Man, this hurts. The late, great David Lynch has left this world and how there’s less weirdness for us to discover.
Over the past 30 years or so, he became one of my favorite filmmakers and artists. My first encounter with his work, without knowing it was him, would have been TV commercials for his adaptation of Dune in 1984 — but my first actual encounter is lost to chronology from the haze of my college days. At some point in the late ‘90s as I was studying art and film at University of Michigan, I finally watched Dune somewhere in the same breath of discovering Blue Velvet, Twin Peaks, Lost Highway, and most significantly, Eraserhead. The latter film mesmerized me at home in the dark from a rented VHS, and even more so at a midnight screening in a campus movie theatre. It served as huge inspiration for a black & white film I made in live-action & clay animation called Snot Living, about a booger that comes to life.
To this day, Lynch’s nightmarish debut feature from 1977 fascinates and terrifies me the most, and I don’t even know how to describe the spell it casts — but my brother-in-law Mike (who I had such a delightful time introducing the film to and watching him react) pretty much nailed it in one of his Letterboxd reviews: I like this enough to come back to it, but it is not something I like to watch. Will I watch it again? Yes. And it will again be bizarre and uncomfortable. But yet, like almost all the Lynch films I’ve seen so far, it won’t leave my head for days and eventually I’ll want to watch it again to experience it and try and feel out something new.
Exactly. And the Lady in the Radiator will always scare the bejeezus outa me.
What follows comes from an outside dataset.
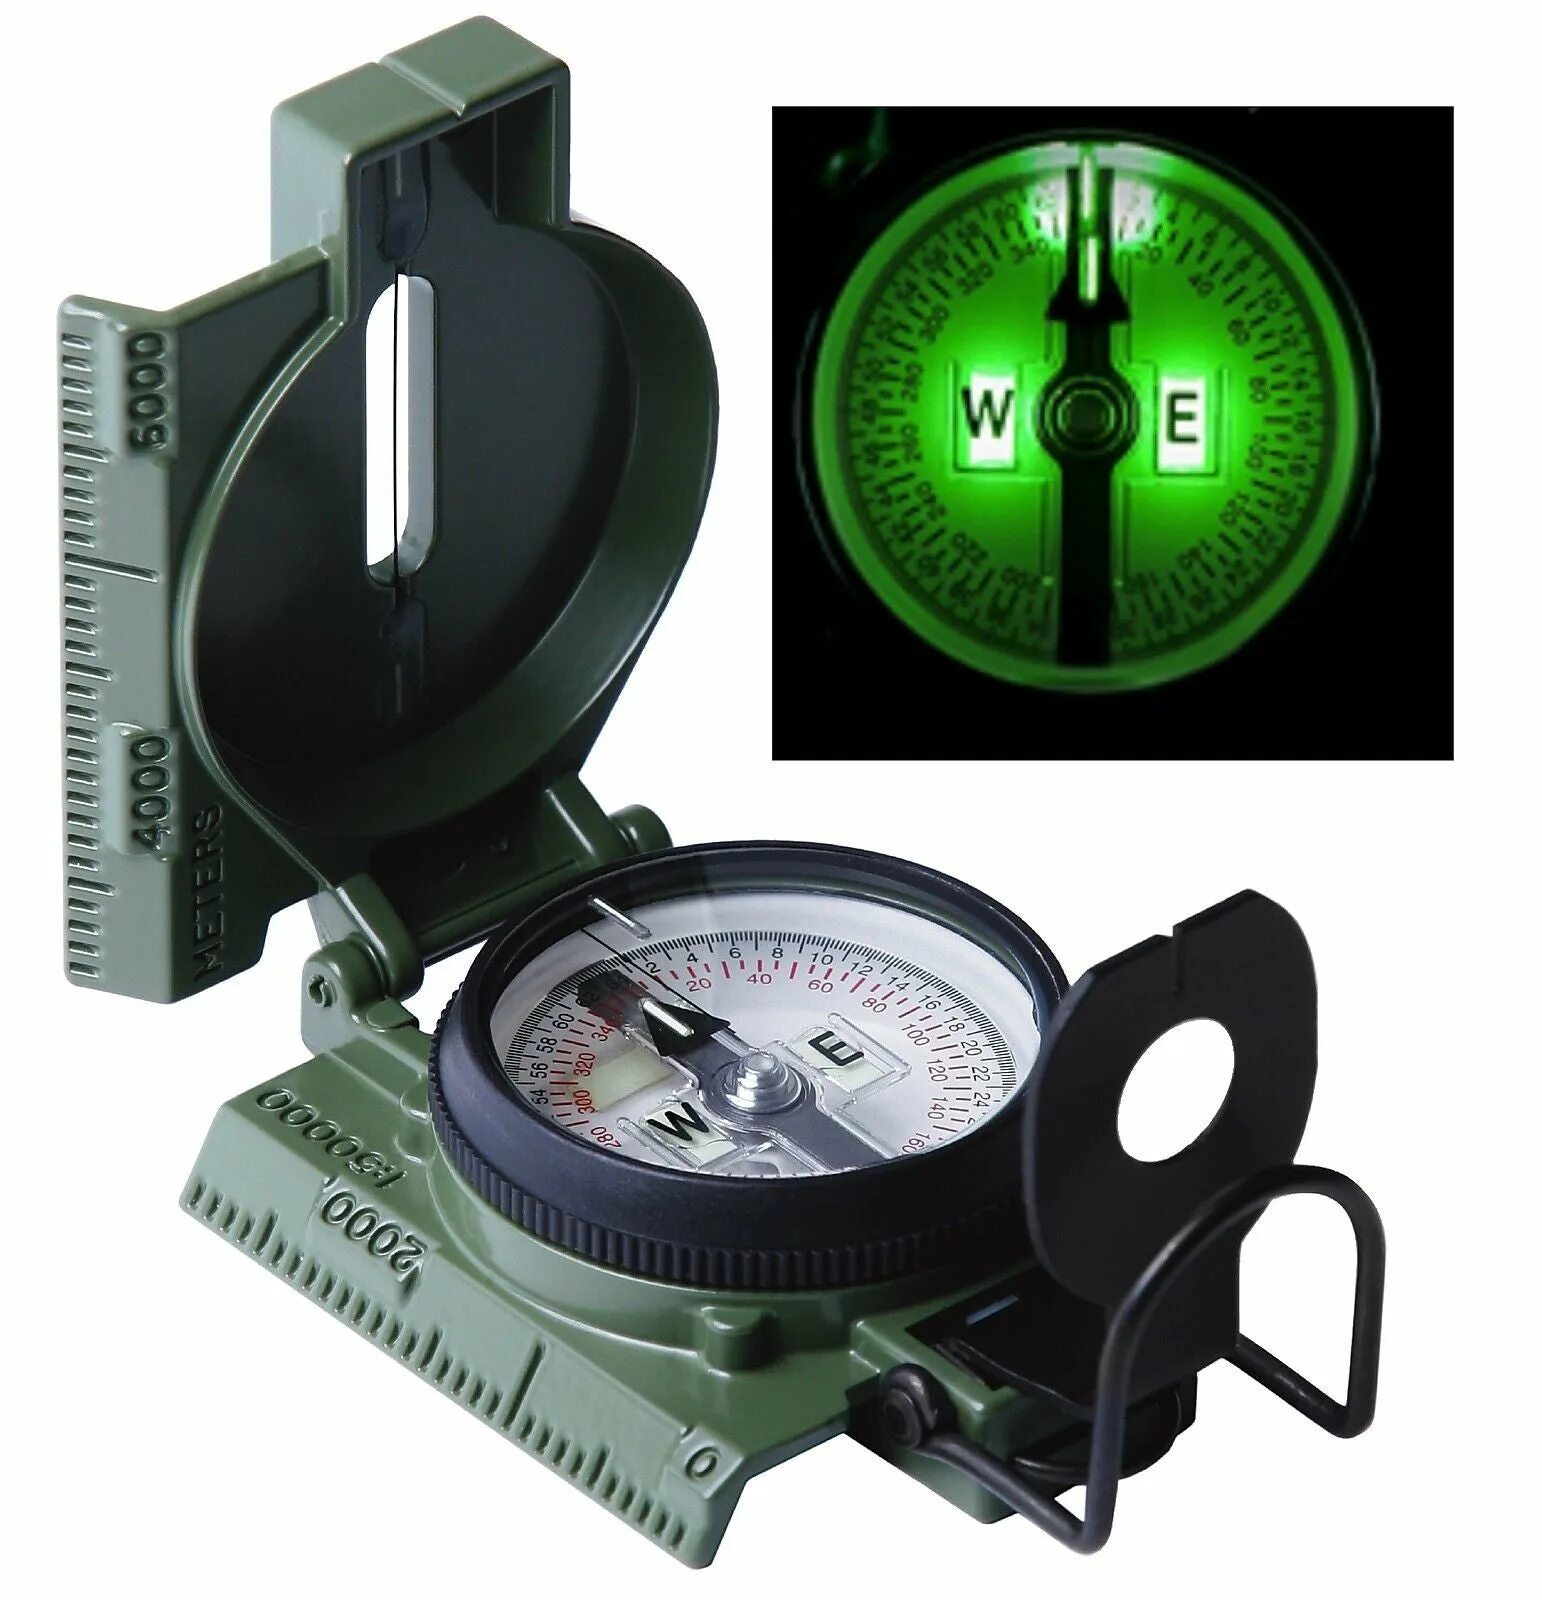 W e компас. Компас Lensatic Compass. Cammenga 3h g.i. Military Lensatic Compass.. Компас Cammenga. Компас Cammenga 3h.
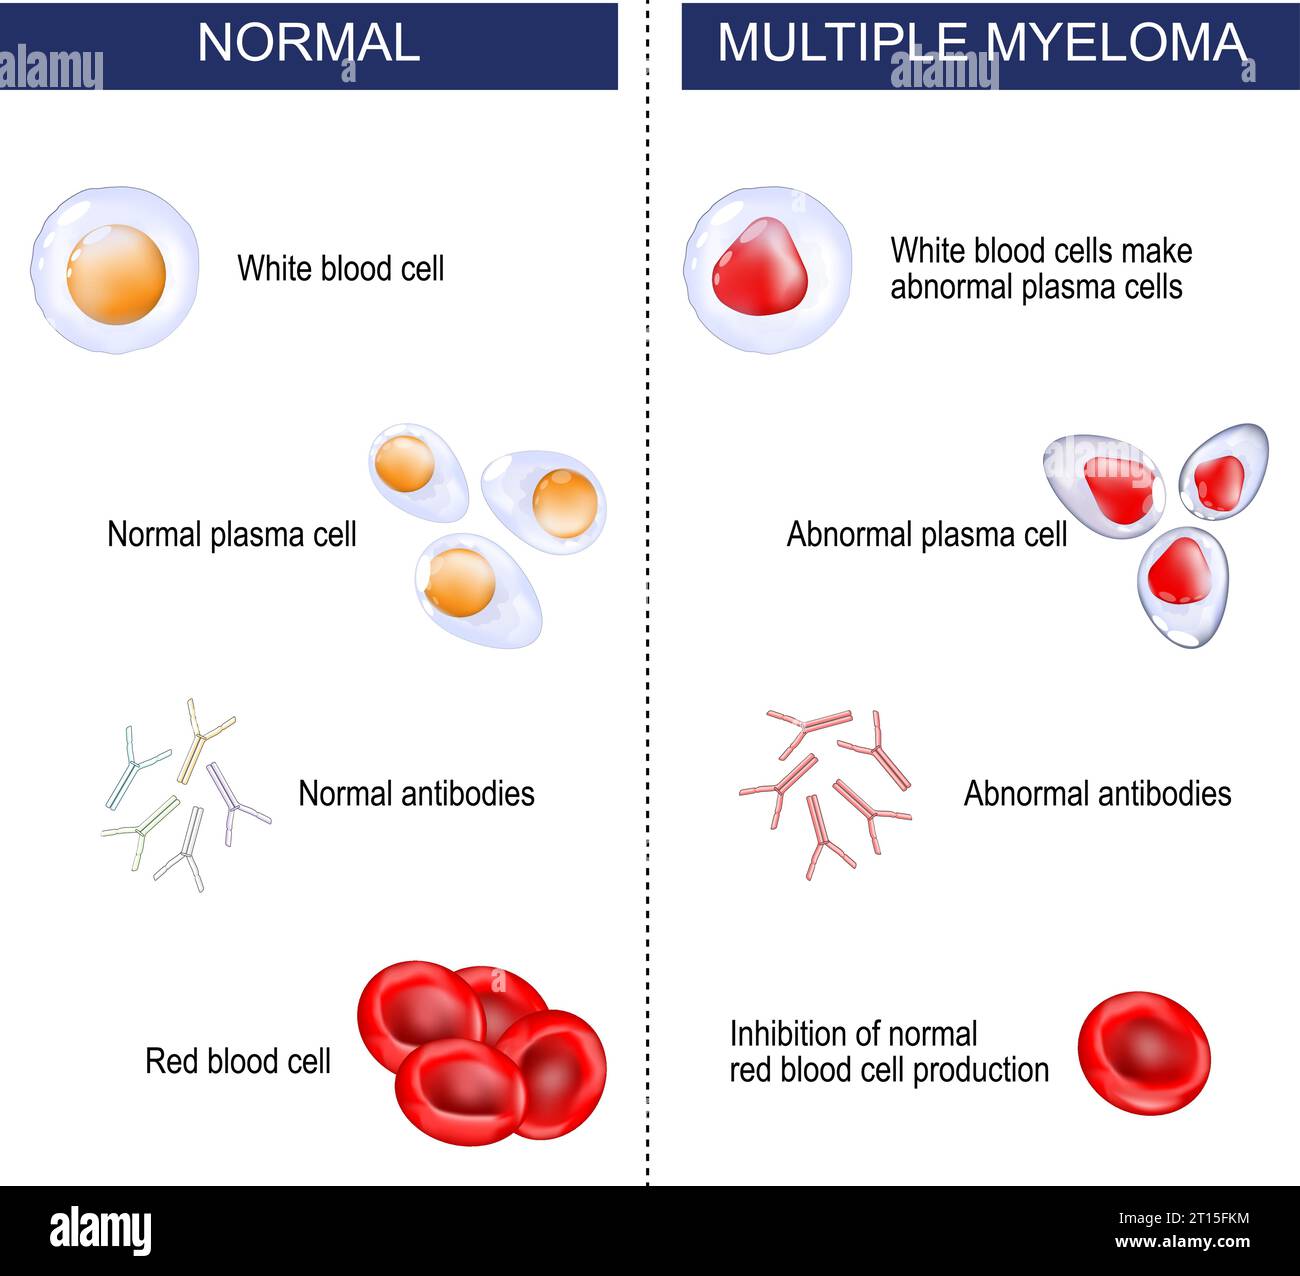 Myélome multiple. Différence entre malignité normale et hématologique. les leucocytes mutent et produisent des plasmocytes anormaux. Le myélome supprime le grognement Illustration de Vecteur

I also can’t describe how fascinated (and terrified) I am by Twin Peaks in particular — to the point that it’s infiltrated so much of my personality, my quirks, regular conversations between so many friends sharing memes and quotes, and the kinds of art I’m drawn to. It was one of the first pieces of storytelling to teach me that something can be weird, hilarious, beautiful, violent and terrifying all at once. To know, appreciate, and understand the appeal of this show is to know and appreciate who I am, the kinds of things I love, and how quickly we will become friends.
Over the past decade or so, I’ve gradually caught up with the rest of Lynch’s feature filmography and further cemented my fandom & fascination for his visions of dark delight. I love his humor, his weirdness, his outlook on art & life, his grasping of mystery, and the juxtaposition of beauty against his darkest & most viciously violent images and ideas.
As I’ve gotten older, I’ve come to appreciate more and more the wisdom behind brutal honesty in art & storytelling. The dark things of the world should not be reveled in, brushed off or taken lightly — they should be exposed, feared, and painted to disturb and unsettle. If we are frightened to death of Lynch’s films, we damn well should be — for it shows our hearts are in the right place.
And yet, there is still hope and beauty, waiting for the shadows to clear and the sun to rise. Weaved into the same fabric as the dark ugliness that Lynch exposes are human beings stuck in the middle of it and trying to make sense of it along with us. From the quirky community of Twin Peaks to the happiness-seekers of Mulholland Drive to the quest for forgiveness in The Straight Story — and even the loneliness & awkward fears of Eraserhead’s Henry Spencer and The Elephant Man’s John Merrick — there is light, love, empathy and a Christ-haunted grace.
My friend Jeffrey Overstreet of Give Me Some Light brought attention this week to David Lynch as Gordon Cole in Twin Peaks — to quote him: More than 30 years ago, Lynch gave prime time television David Duchovny in the role of a trans woman named Denise working for the FBI. And would eventually set this scene where Cole says this to Denise. Those last five words have become perhaps the most memorable and resonant in all of Lynch's work, an urgent prescription for the whole world — particularly the world of fearfulness and hatred.
FIX YOUR HEARTS OR DIE.
In the years to come, we are going to need the prophetic art that David Lynch left us more than ever. As the headlines and daily news will pummel us with exploits of the Frank Booths, Mystery Men and BOBs running the insane asylum our world has become, we will need the swift hand of justice & protection from Agent Dale Cooper and the Bookhouse Boys — the love and grace of Frederick Treves — and even the hilarious one-liners of a monkey named Jack to remind us to laugh.
And we’re gonna need a lot more coffee and cherry pie to remind us there are still good things to savor in this world, and though there will be trouble, it’s only ‘til the robins come.